The next idea that came to me was to use a technique known as eigen-decomposition to make computing the powers of $A$ more efficient. Recall that since our graph was undirected, our adjacency matrix $A$ will be symmetric. A well-known result in linear algebra lets us take advantage of this fact. It says that any symmetric matrix, such as $A$, can be decomposed in the following way.

$$A = P^TDP$$

where $D$ is a diagonal matrix – it is zero everywhere but the main diagonal – and $P$ is orthogonal – that is that $P^TP=PP^T=I$, where $I$ is the identity matrix. The proof of this is quite long-winded and mundane, using induction on the size of the matrix, but the result is incredibly powerful. One use of this is in computing powers of $A$. We simply have to observe that

$$

\begin{align*}A^k &= \underbrace{A\cdot A\cdot\ldots\cdot A} {k\text{-times}} \\&= \underbrace{(P^TDP) \cdot (P^TDP)\cdot\ldots\cdot (P^TDP)}{k\text{-times}} \\&= P^T \cdot \underbrace{(DPP^T) \cdot (DPP^T)\cdot\ldots\cdot (DPP^T)}{(k-1)\text{-times}}\cdot DP \\&= P^T \cdot \underbrace{D \cdot D\cdot\ldots\cdot D}{(k-1)\text{-times}}\cdot DP \\&= P^TD^kP\end{align*}$$

since all of the $P$’s and $P^T$’s on the inside of the product cancel out to give $I$ by orthogonality. We have now reduced the problem of exponentiating $A$ to exponentiating a diagonal matrix $D$. This may feel like we’re going in circles, but that is not the case. Exponentiating a diagonal matrix – unlike a general matrix – is incredibly simple. All you have to do is exponent the individual elements, and since the majority of these are zero, this is very easy to do. After computing $D^k$ all that is left to do is compute $A^k=P^TD^kP$ – a computationally easy task – and carry on as described in the last section.
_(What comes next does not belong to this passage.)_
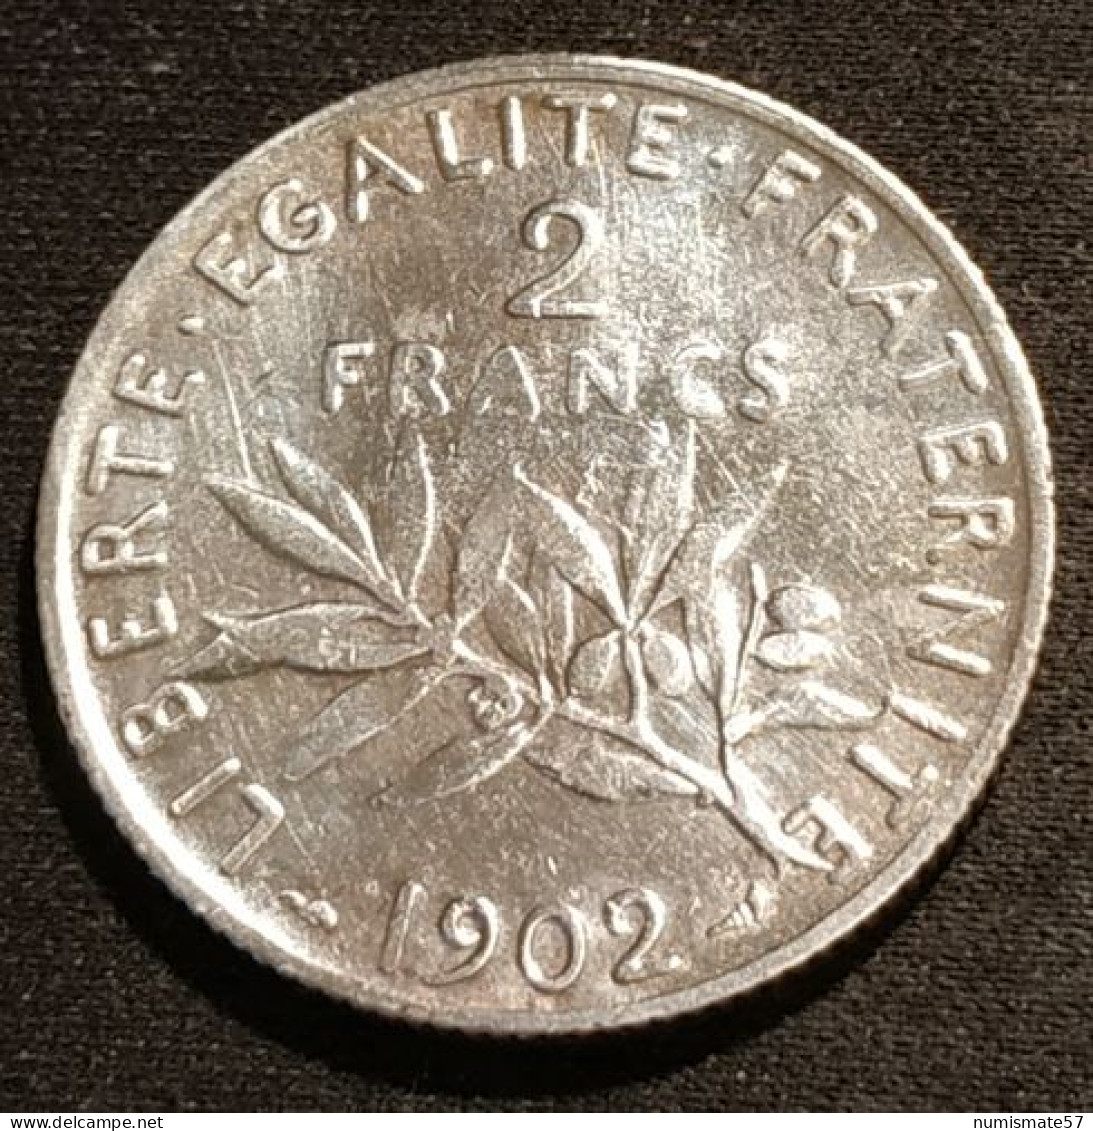 FRANCE - 2 FRANCS 1902 - Semeuse - Argent - Silver - Gad 532 - KM 845 - 2 Francs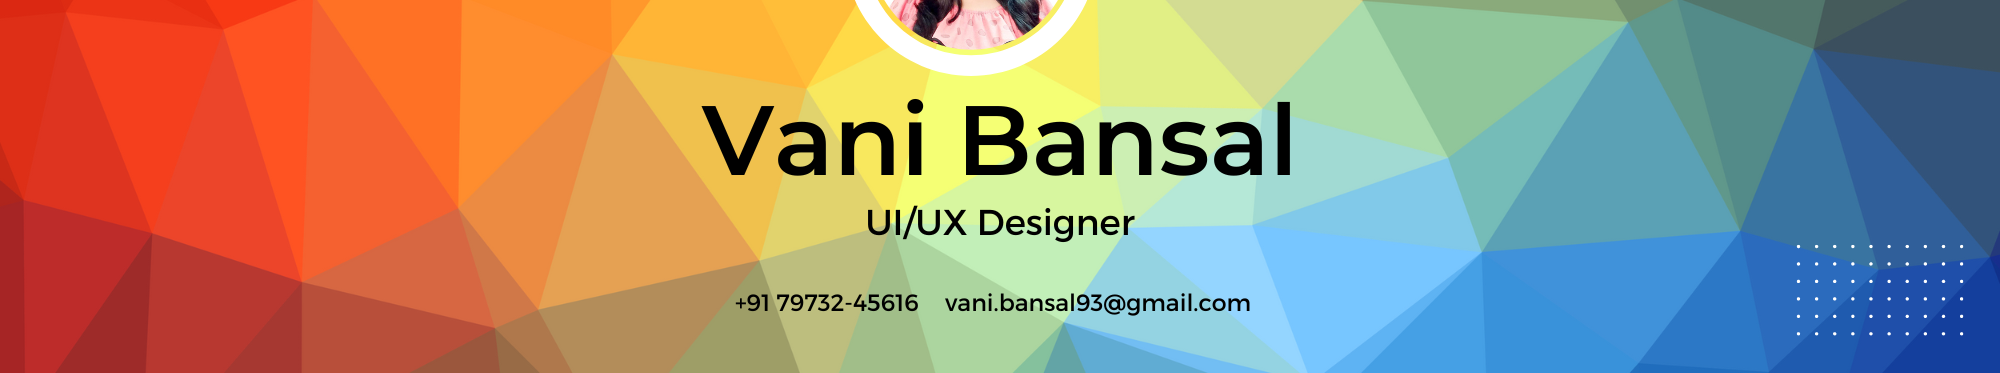 Vani Bansal's profile banner

With this knowledge in hand, it shouldn’t be too hard to piece together how the lines of the code above correspond to the steps of this method. Even with this new time-saving addition, our code still requires only 6 lines. I am yet to see any purely computer-science approach to this problem that is as short, simplistic, and elegant as this.

Because of the way eigen-decomposition behaves in

`numpy`

, the`v`

that is returned to us is equivalent to $P^T$ above.

### Time-complexity Analysis

Before we wrap up, we should take a quick theoretical look at how quickly our algorithm runs. We first look at the eigen-decomposition. In practice, calculating eigenvalues/vectors of an $n\times n$ matrix requires $O(n^3)$ time. There are algorithms such as Coppersmith and Winograd which compute these in $O(n^\omega)$ with $2< \omega < 3$, but due to the complexity of implementing code for these for little computational gain in most circumstances, they are rarely used. Since our matrix is of fixed size however, this part of the code is simply $O(1)$ time. The only other part of the code worth considering is the computation of $D^k$. This will involve exponentiating 10 numbers $k$ times each and so will run in $O(k)$ time. Hence our algorithm is linear, exactly the same as the dynamic programming approach but, I would argue, far more beautiful.